» Data for this task
⁂

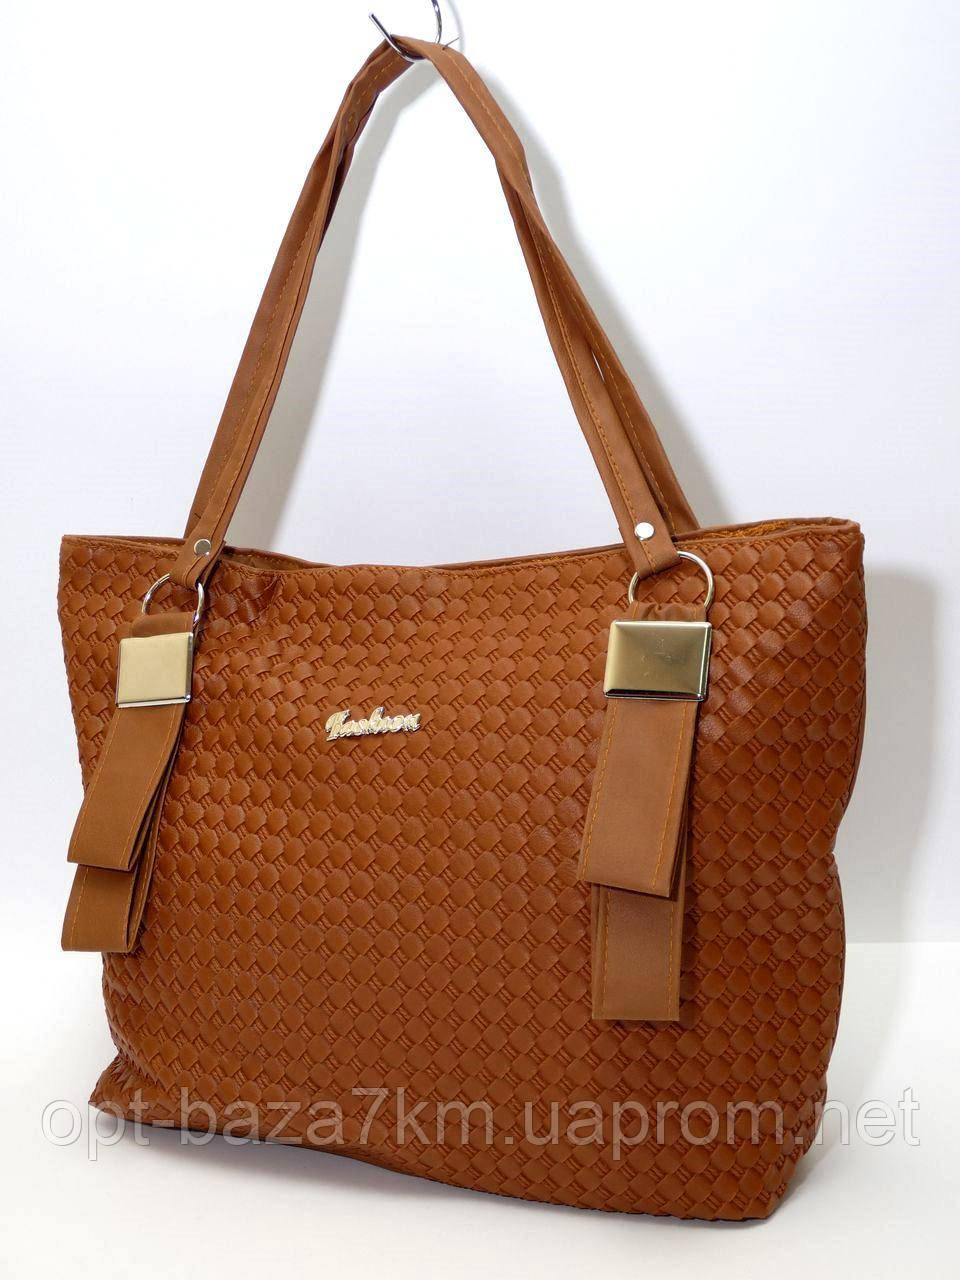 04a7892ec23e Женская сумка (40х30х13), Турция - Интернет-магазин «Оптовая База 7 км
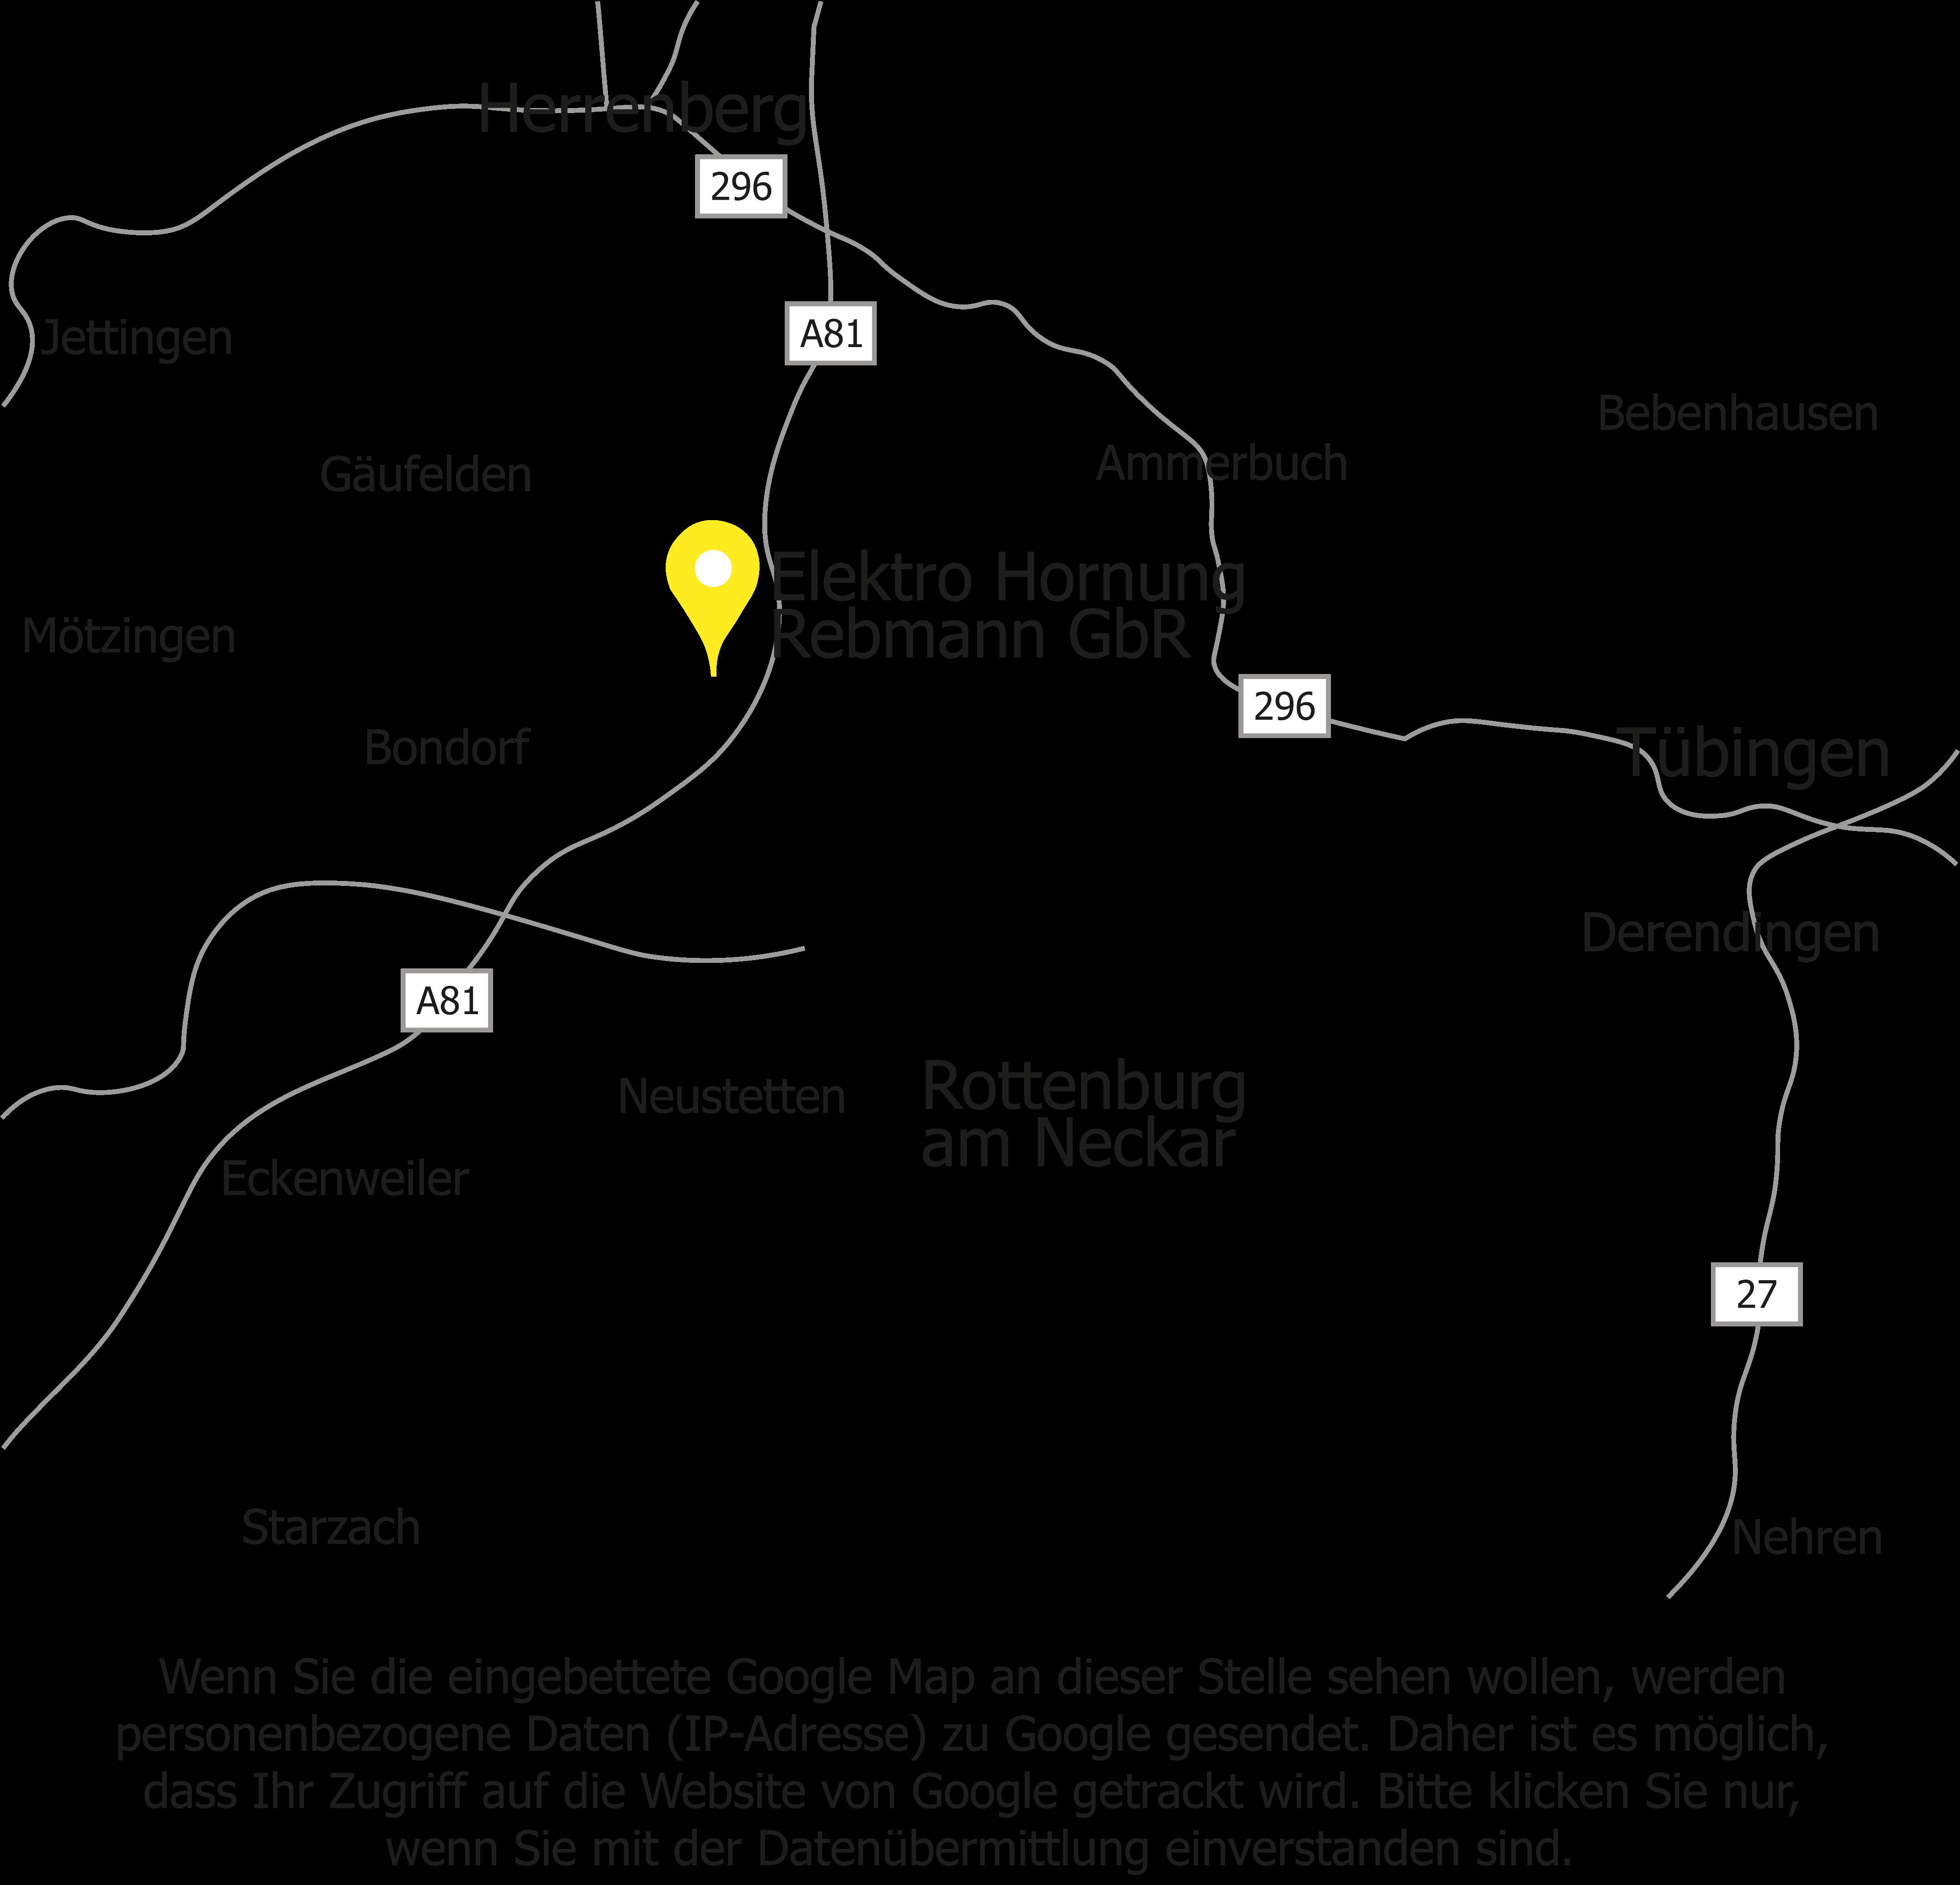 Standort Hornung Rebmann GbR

⁂

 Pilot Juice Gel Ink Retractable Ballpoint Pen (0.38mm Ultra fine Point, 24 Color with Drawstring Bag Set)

⁂

» Work instructions
Within the data above, repeat exactly the lines from the one bearing "04a7892ec23e Женская сумка" through the one bearing "Standort Hornung Rebmann GbR". Include no pictures and nothing else.

» Result
 04a7892ec23e Женская сумка (40х30х13), Турция - Интернет-магазин «Оптовая База 7 км
 Standort Hornung Rebmann GbR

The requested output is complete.